--- EXERCISE REQUIREMENTS ---
The reply should match the listing below character for character, except that no image is carried over.

--- SUPPLIED DATA ---

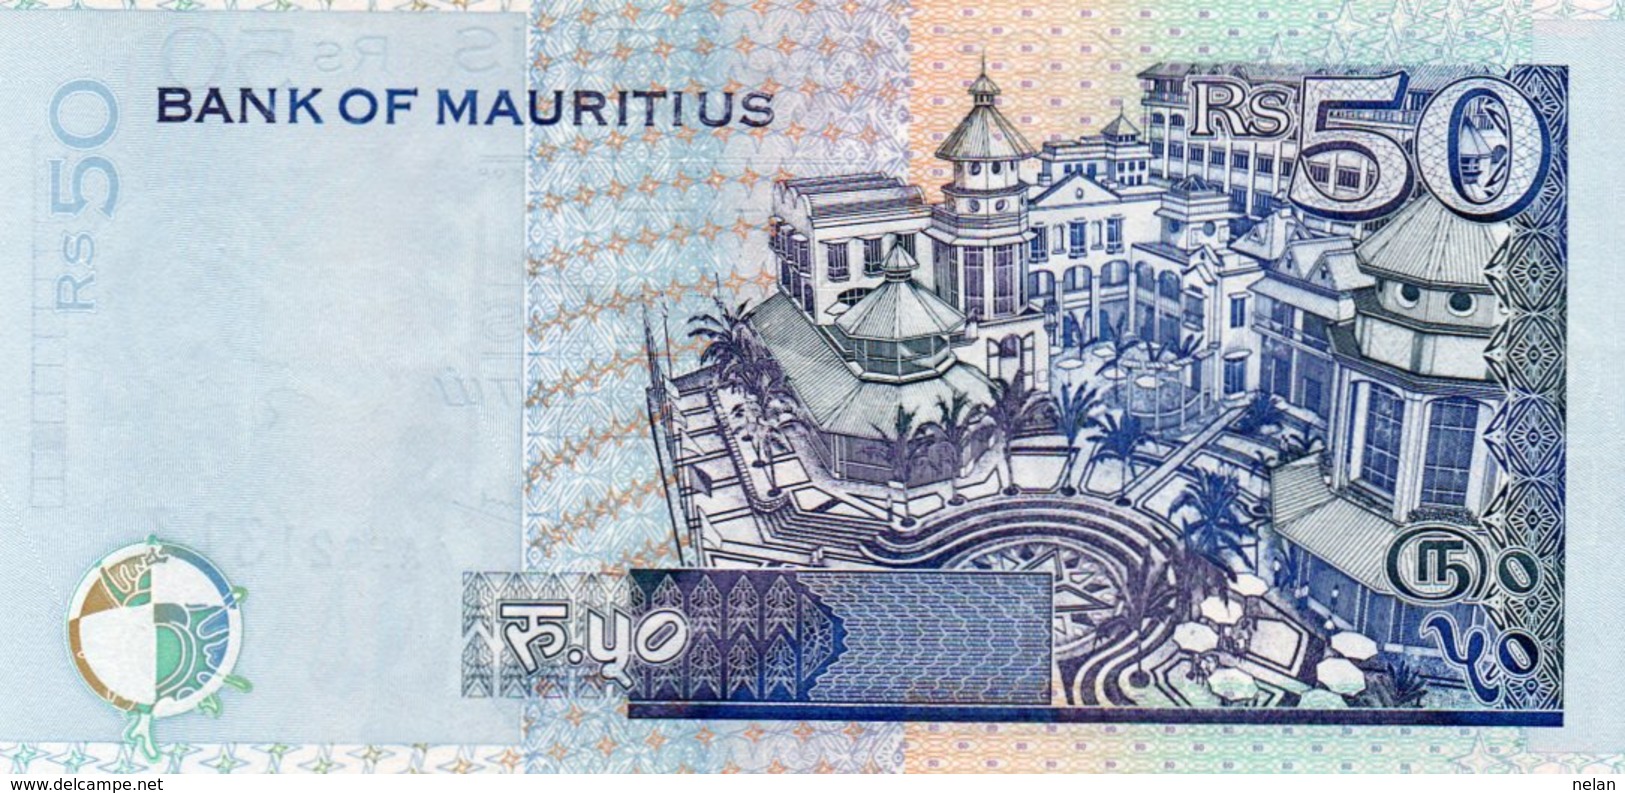 MAURITIUS 50 RUPEES  2001 P-50  UNC - Mauritius
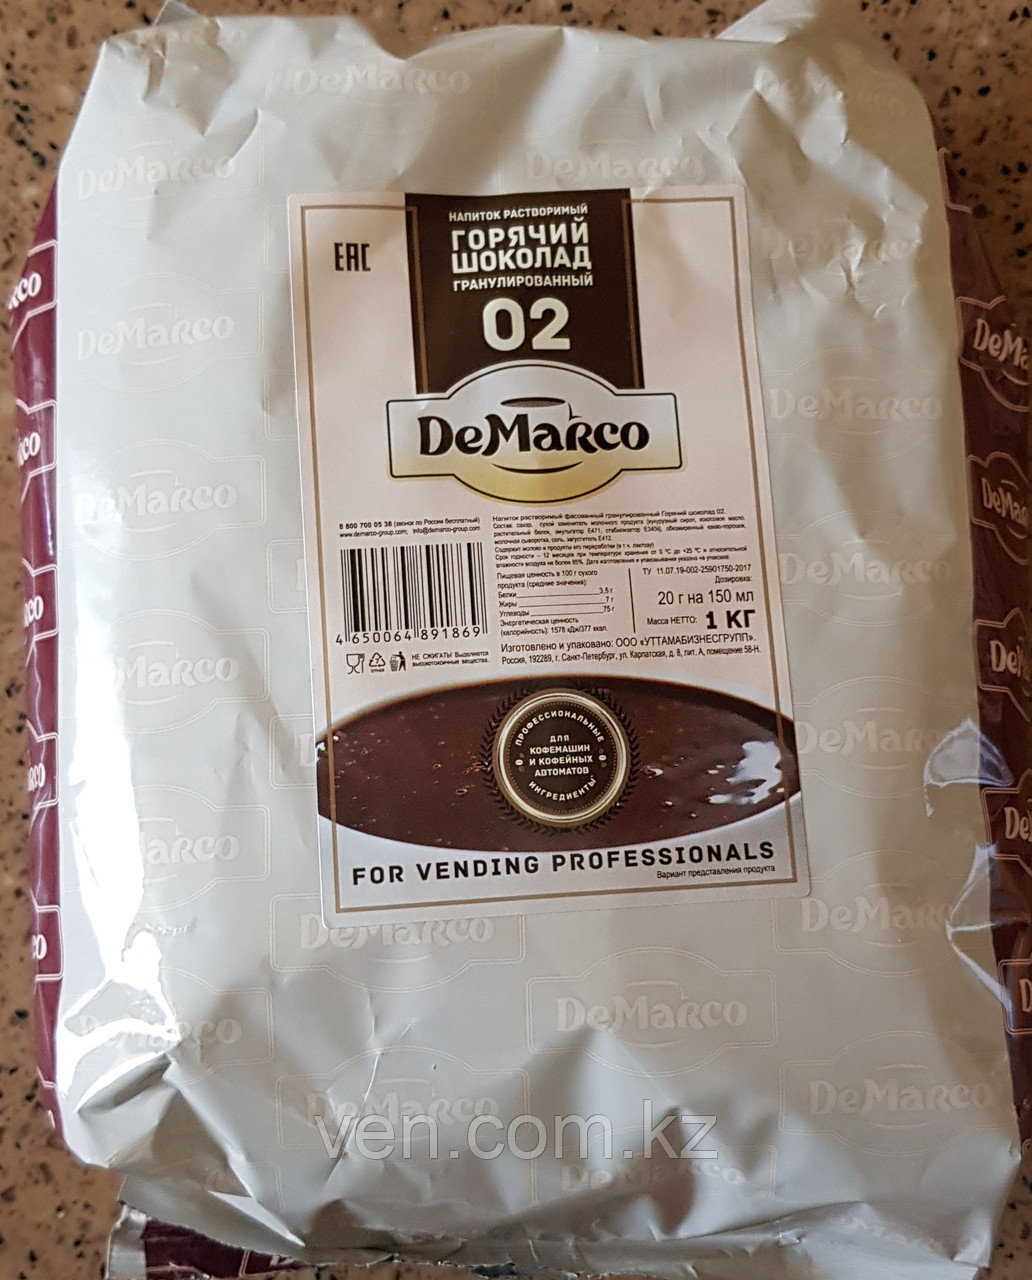 Шоколад De Marco 02 (гранулированный для торговых автоматов)
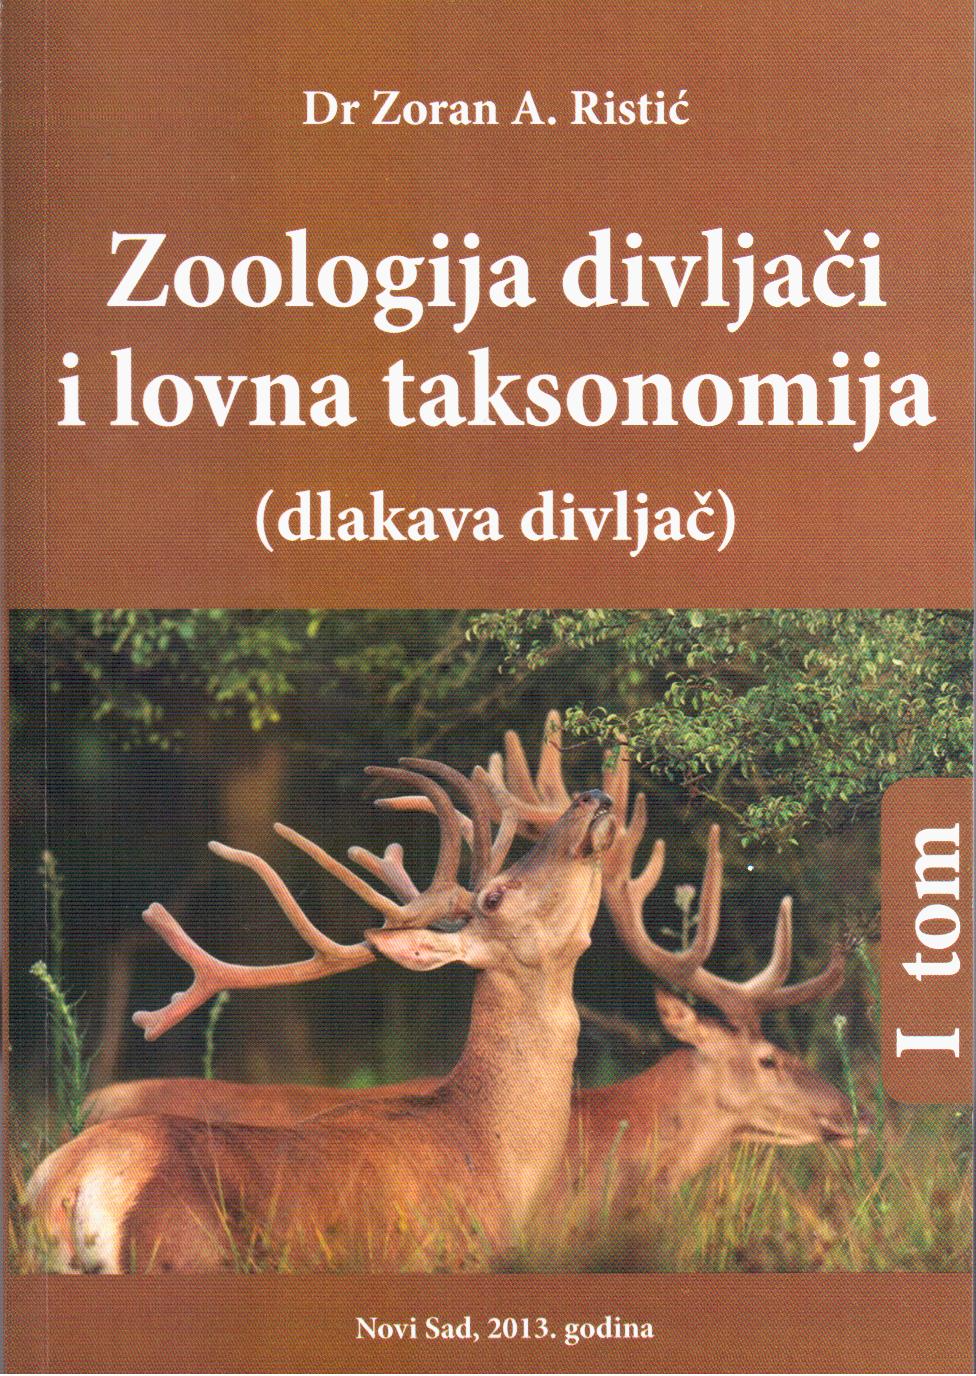 Knjiga "Zoologija divljači i lovna taksonomija (dlakava divljač)" (autor: Zoran A. Ristić)

--- RESULT OF THE EXERCISE ---
 MAURITIUS 50 RUPEES  2001 P-50  UNC - Mauritius
 Шоколад De Marco 02 (гранулированный для торговых автоматов)
 Knjiga "Zoologija divljači i lovna taksonomija (dlakava divljač)" (autor: Zoran A. Ristić)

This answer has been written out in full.